** Provided data follows **

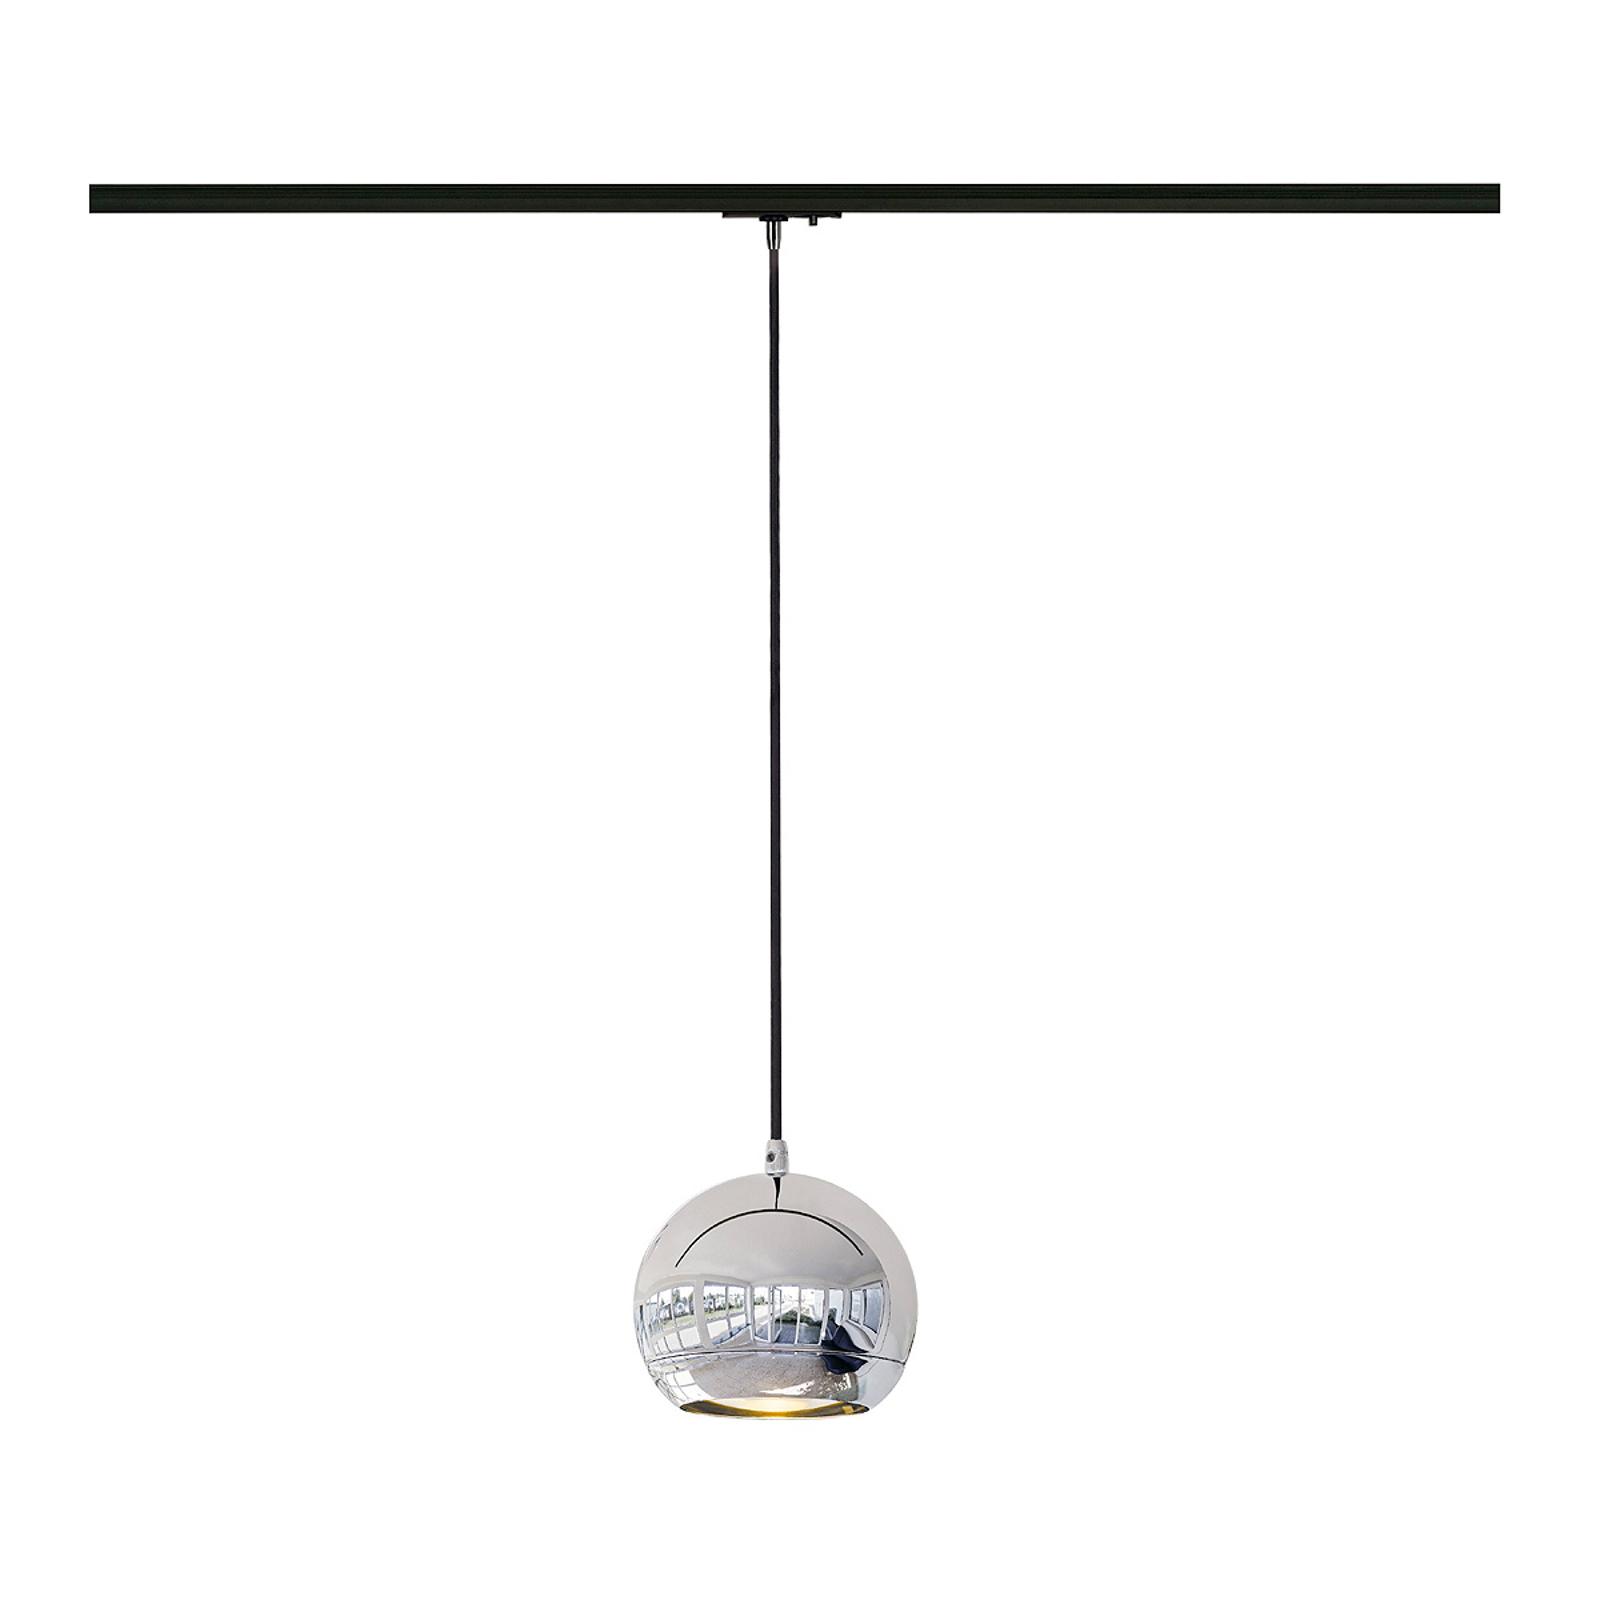 SLV Light Eye lampa wisząca do szyny 1-fazowej
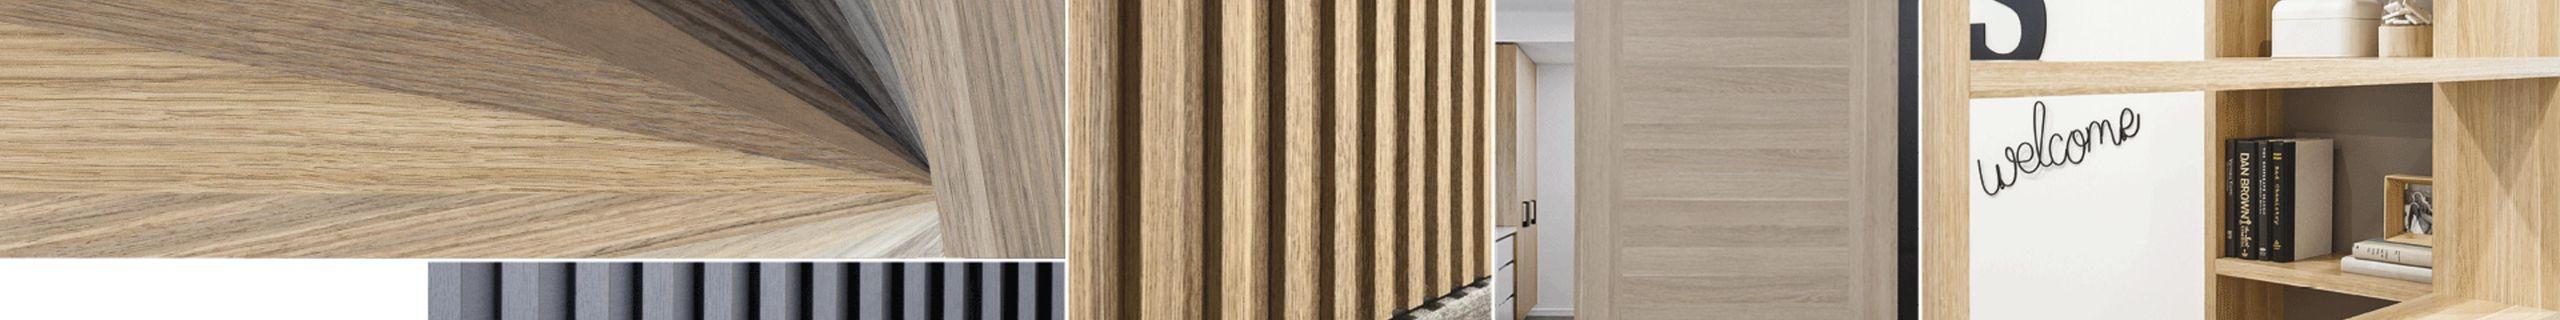 Assorted wooden textures
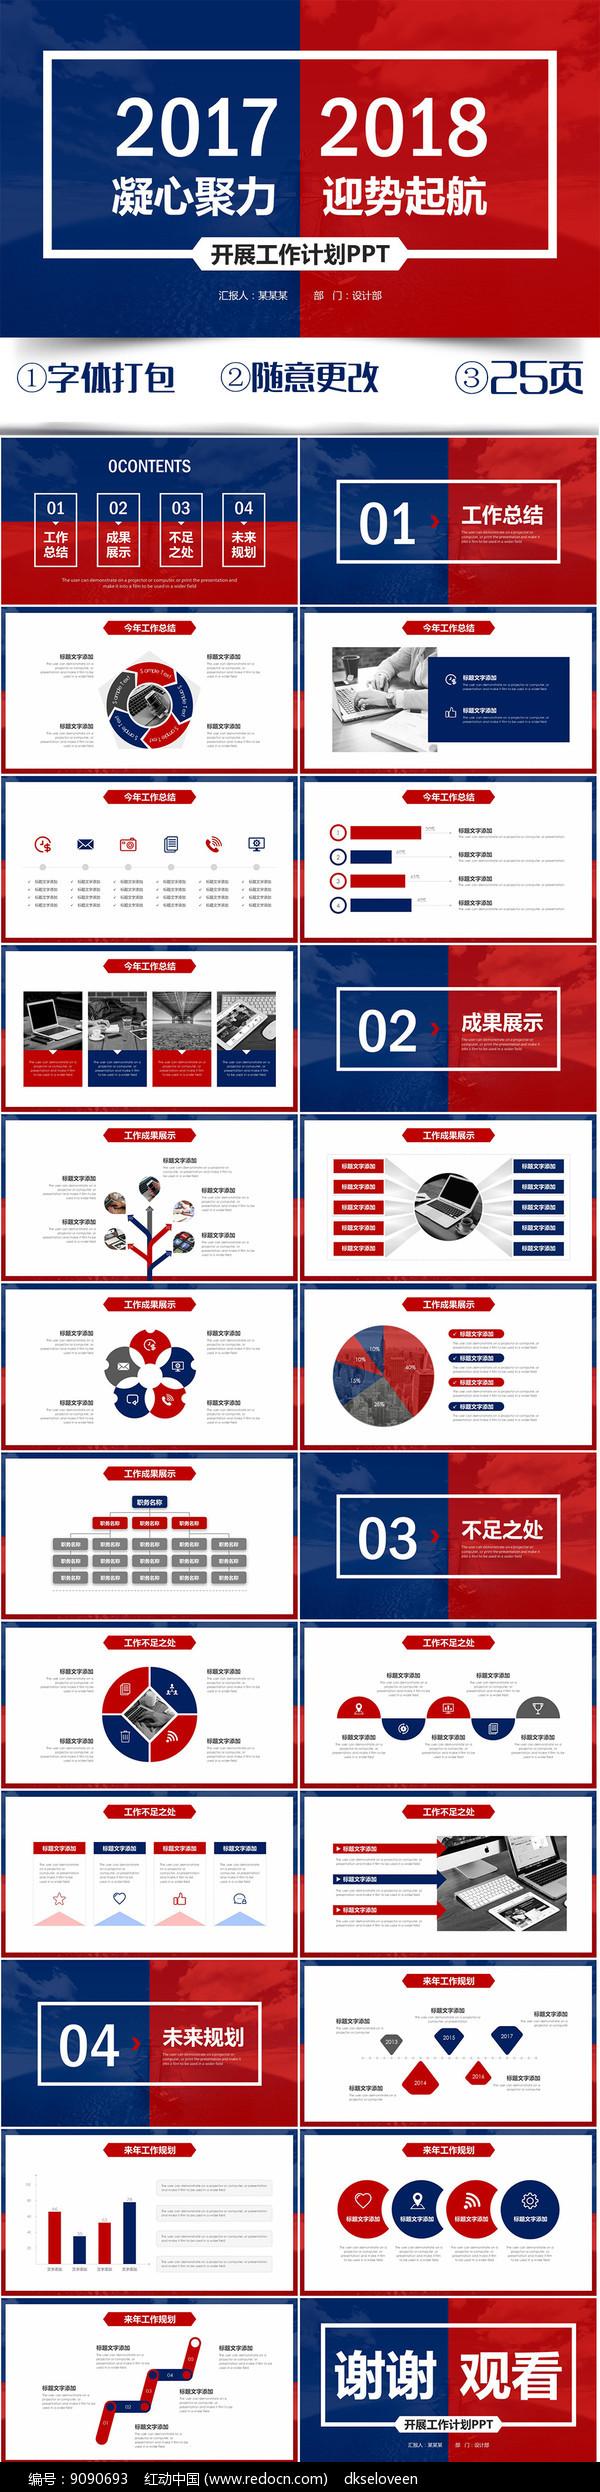 红蓝开展工作计划PPT模板图片
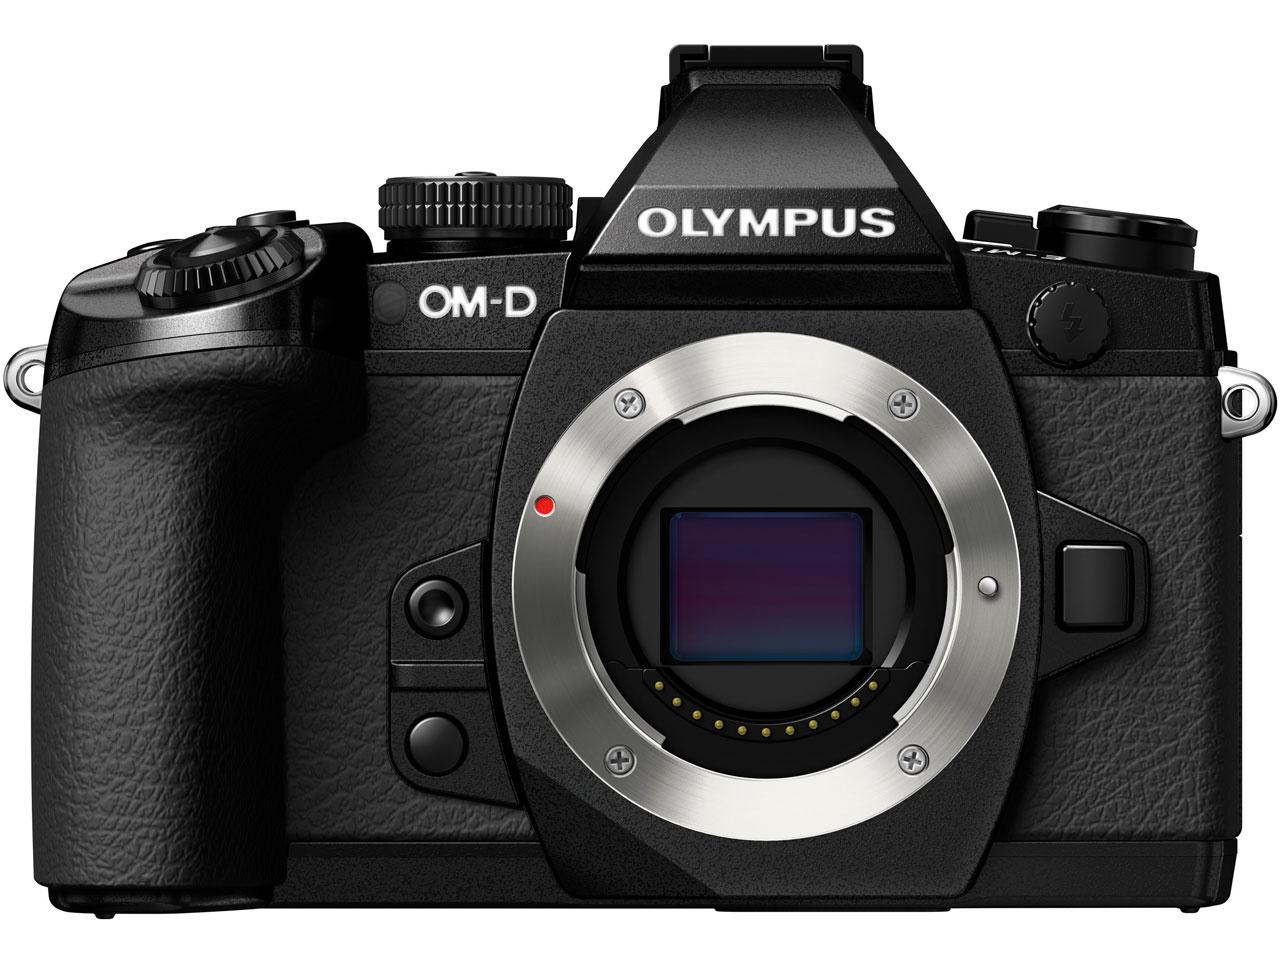 『本体 正面3』 OLYMPUS OM-D E-M1 ボディ [ブラック] の製品画像

** End of Provided data **

#### [Activity]
Apart from the images, please copy every line of the data exactly as written.

#### [Exercise output]
 SLV Light Eye lampa wisząca do szyny 1-fazowej
 Assorted wooden textures
 红蓝开展工作计划PPT模板图片
 『本体 正面3』 OLYMPUS OM-D E-M1 ボディ [ブラック] の製品画像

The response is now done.